More than a fair-weather profession
Few professions are recession-proof, but accountants tend to be busy during good economic times, as well as periods of economic downturn. When times are good, companies need accountants for auditing their initial public offerings, and when times are bad, they are needed to work on insolvencies and liquidations. Mergers and acquisitions bridge both peaks and troughs, and require that due diligence be carried out by the right people.
'Different business climates bring different opportunities for the accounting industry. We always need people to join us,' says Pammy Fung, director, Crowe Horwath (HK) CPA.
Although Fung expects the euro-zone crisis to affect the global economy, and that Hong Kong will slow down next year, the firm keeps on expanding with a growing number of assignments from the mainland.
For 2012, the firm is hiring 40 to 50 fresh graduates and at least 50 staff across other grades, as well as over 60 interns during the youngsters' spring and summer holidays.
Important requirements for potential candidates include good time and stress management to deal with tight deadlines, and a strong commitment to ongoing professional development.
Proficiency in English, Cantonese and Mandarin is checked during the interview process. The job also requires good teamwork and excellent communication and analytical skills, and, at the higher echelons, the ability to manage a team.
'People with good technical and leadership skills will be promoted step by step, until they reach the top management level at our firm,' says Fung. 'We always have vacancies at the upper levels due to the firm's expansion - [staff] only have to worry about whether they are competent enough for promotion.'
For instance, the audit groups have grown from nine to 13, Fung adds. Another expanding field is business risk services.
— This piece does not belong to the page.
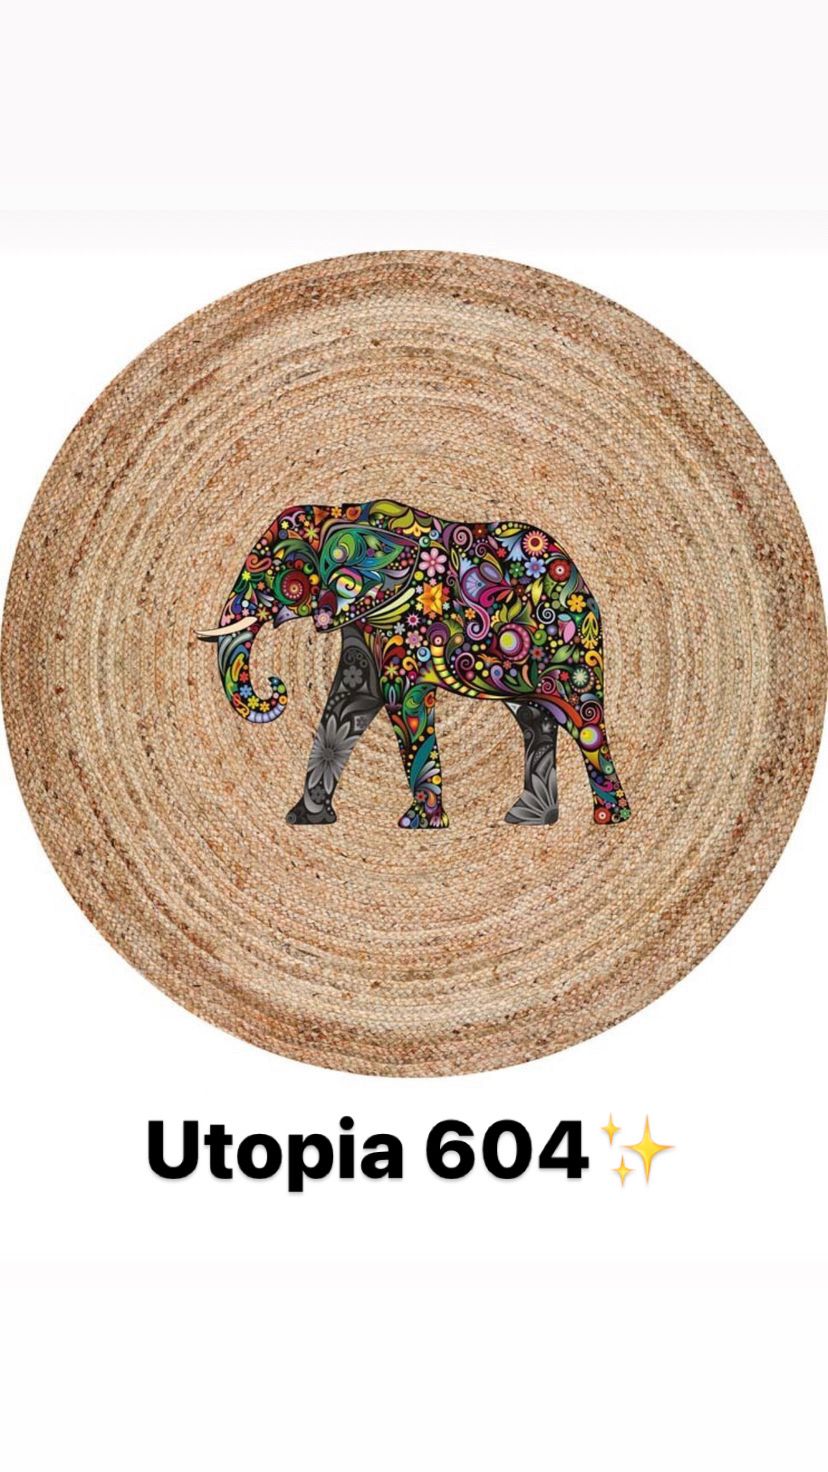 Utopia 604 - BambusHome

'This topic is very hot now. We do internal control and corporate governance reviews, due diligence, anti-money laundering, fraud risk assessment and outsourcing and co-sourcing of internal audits,' she says.
The jobs in business risk services require a global view, Fung says. Travelling is also a must in most positions. The firm offers excellent career opportunities, with three levels of training - depending on the extent of the staff's experience - which mostly takes place in the fourth quarter, in-house or through the Crowe Horwath International network. The firm also offers its employees study and examination leave.
Staff are eligible to work in neighbouring countries - such as China, Taiwan, Singapore and Vietnam - on an assignment basis, or have the chance to go overseas on secondment, which might take six to nine months at other member firms of the Crowe Horwath network in the United States and elsewhere.
With its Caring Company distinction, the firm's rich corporate social responsibility activities have built strong team spirit among the 300 employees. Programmes include building and maintaining schools in China, providing scholarships and grants to Chinese students and donating to charitable organisations.
Staff also act as honorary accountants for over 30 non-profit-making and charitable organisations.